For `Scores`, you can control how missing values (`n/a` or empty cells) are handled using the `Missing` field:

| Option | Description |
| :--- | :--- |
| `ignore` | Skips missing values in calculations (e.g., `sum` of `[5, n/a, 5]` is `10`). (Default) |
| `require_all` | If any item in the list is missing, the entire score becomes `n/a`. (Aliases: `all`, `strict`) |

---

## Item Inversion (Reverse Coding)

The `Transforms.Invert` block allows you to automatically reverse-code items before any other calculations take place.

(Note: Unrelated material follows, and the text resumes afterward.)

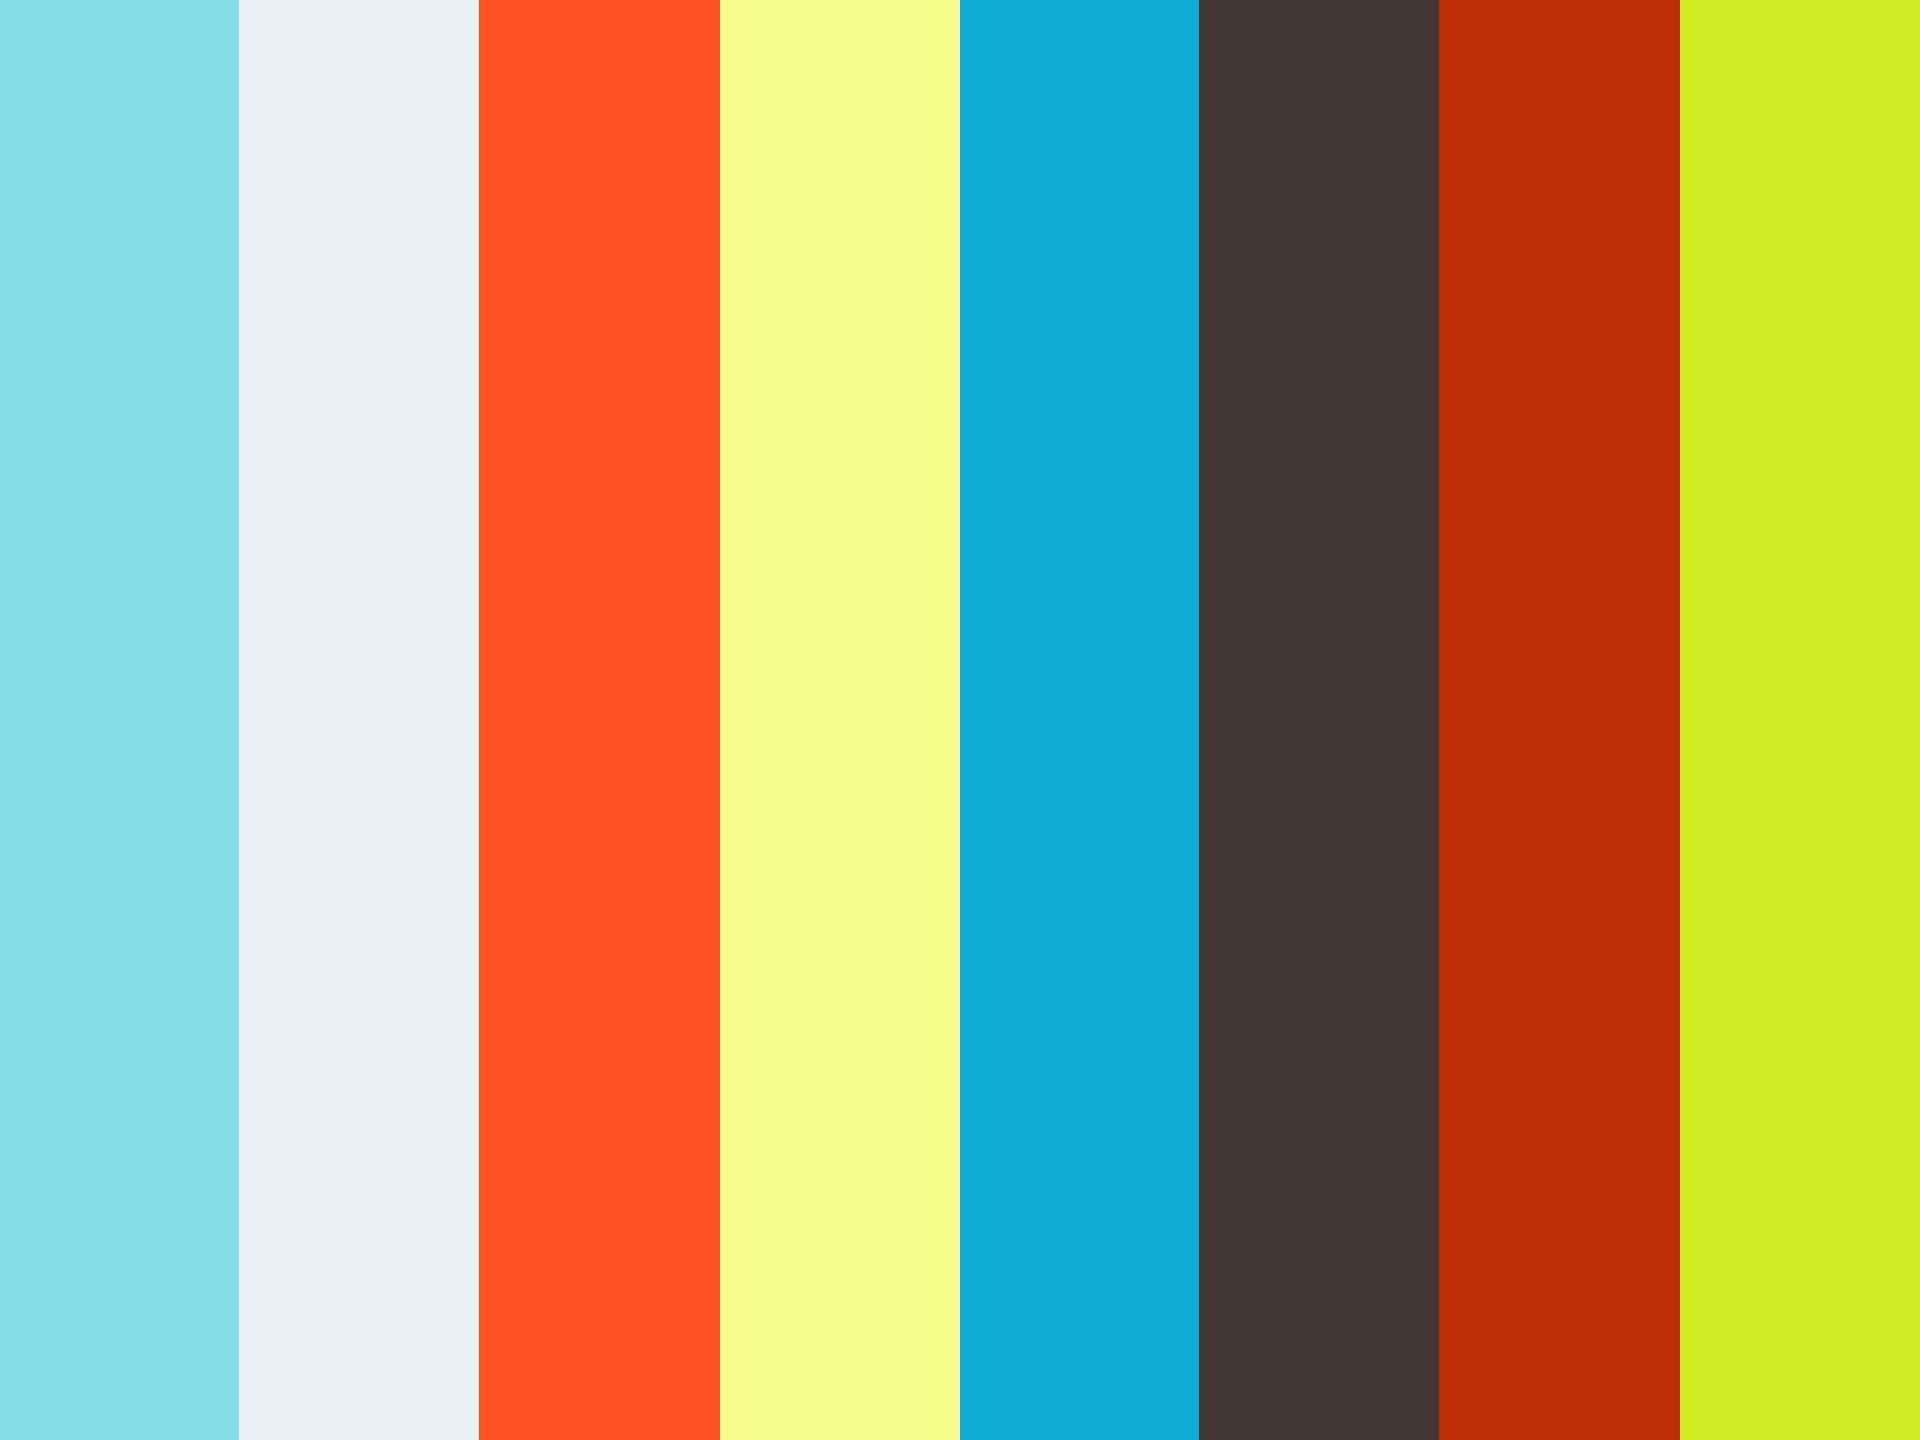 Autismo: de azul a mil colores
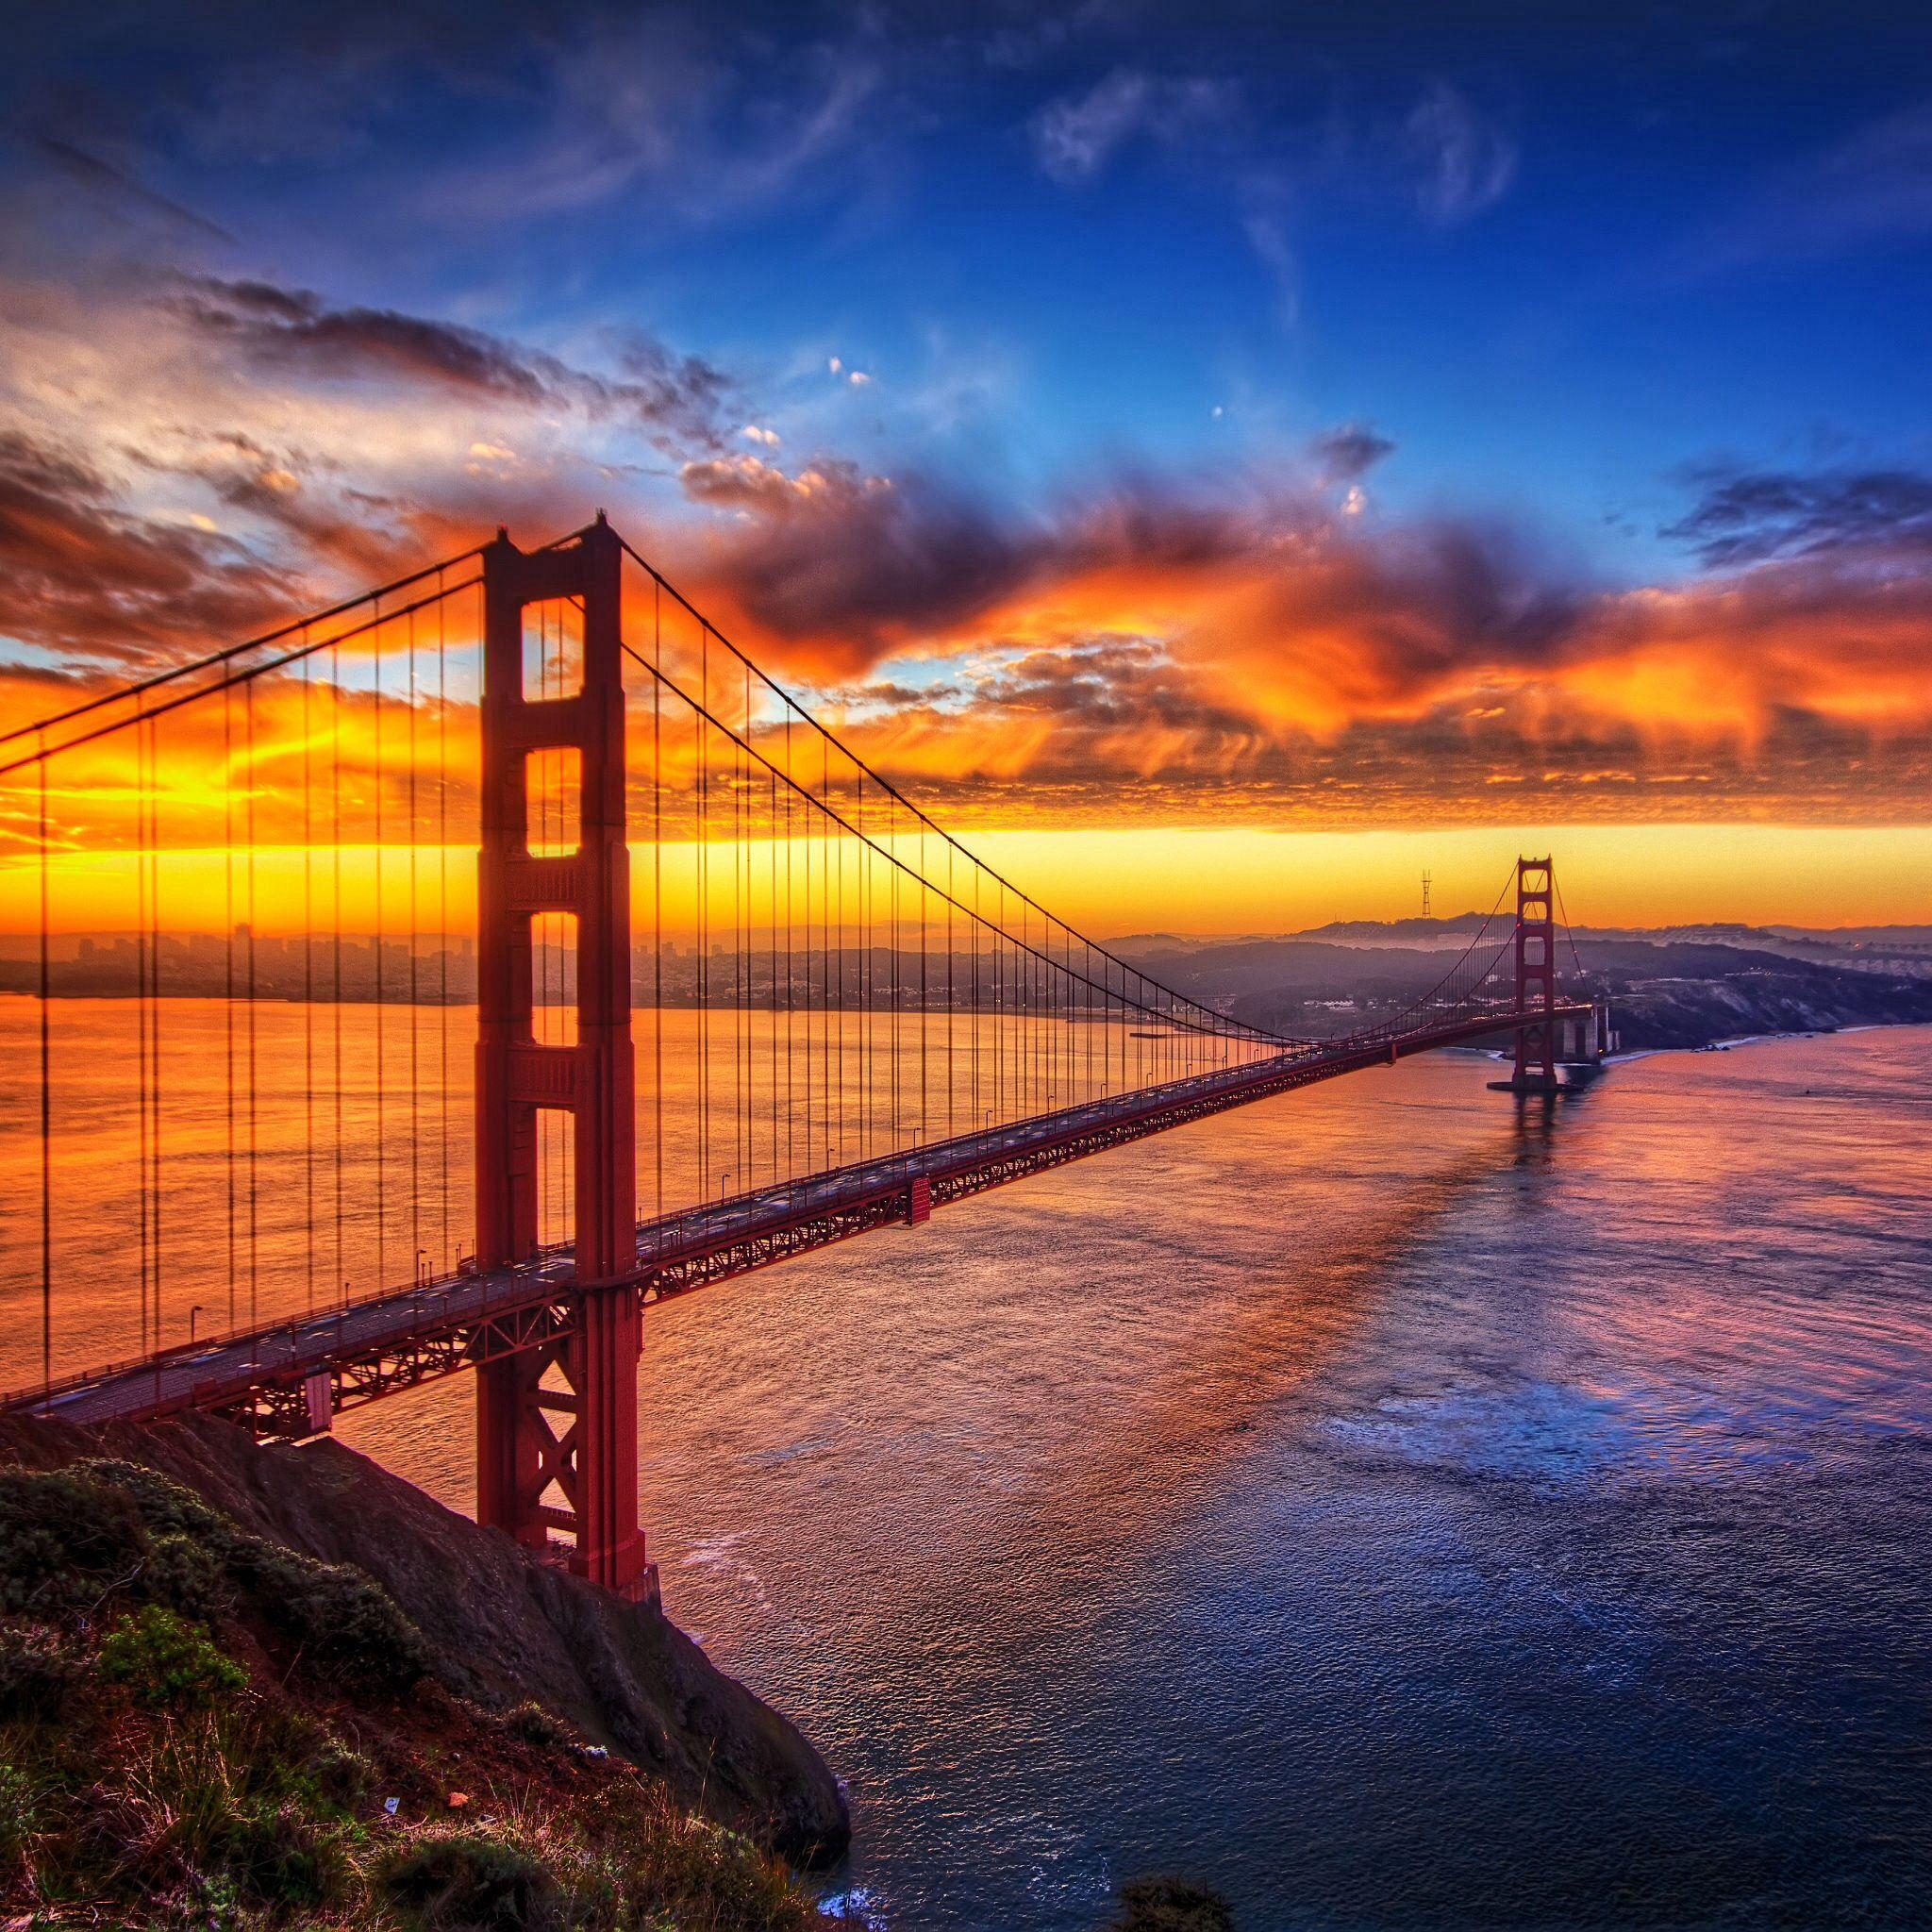 Sunset behind bridge photo

*   `Items`: List of item IDs to invert.
*   `Scale`: Must provide `min` and `max`.
*   **Formula**: `new_value = (max + min) - old_value`

---

## Validation (When and How)

Recipes are validated against a JSON schema before execution. You can run the validation manually via:

```bash
./prism_tools.py recipes validate
```

When you run `./prism_tools.py recipes surveys`, PRISM will:
1.  Scan the dataset for survey files (`sub-*_task-*_survey.tsv`).
2.  Look for a matching recipe in `recipes/surveys/`.
3.  Compute the scores.
4.  Save the results in the dataset under `recipes/surveys/`.

- Recipes are validated **before execution** (fail-fast). If a recipe is malformed (unknown `Method`, missing `Formula`, etc.), derivative generation stops with a clear error message.
- The validator checks, among other things:
  - `Kind` is `survey` or `biometrics`
  - `Survey.TaskName` / `Biometrics.BiometricName` is present
  - `Method` values are from the supported sets documented above
  - `formula` scores contain a `Formula` and every `{placeholder}` is also listed in `Items`

---

## Output Structure

When you run derivatives, PRISM creates a BIDS-compliant derivatives folder:

- `derivatives/surveys/` or `derivatives/biometrics/`
- `dataset_description.json`: Automatically generated metadata file. It inherits `Name`, `Authors`, `License`, and `Funding` from your root dataset description to ensure transparency and reproducibility.
- `<recipe_id>/`: Folders containing the computed scores.

The `dataset_description.json` includes a `GeneratedBy` section identifying `prism-tools` and the specific version used, along with a timestamp.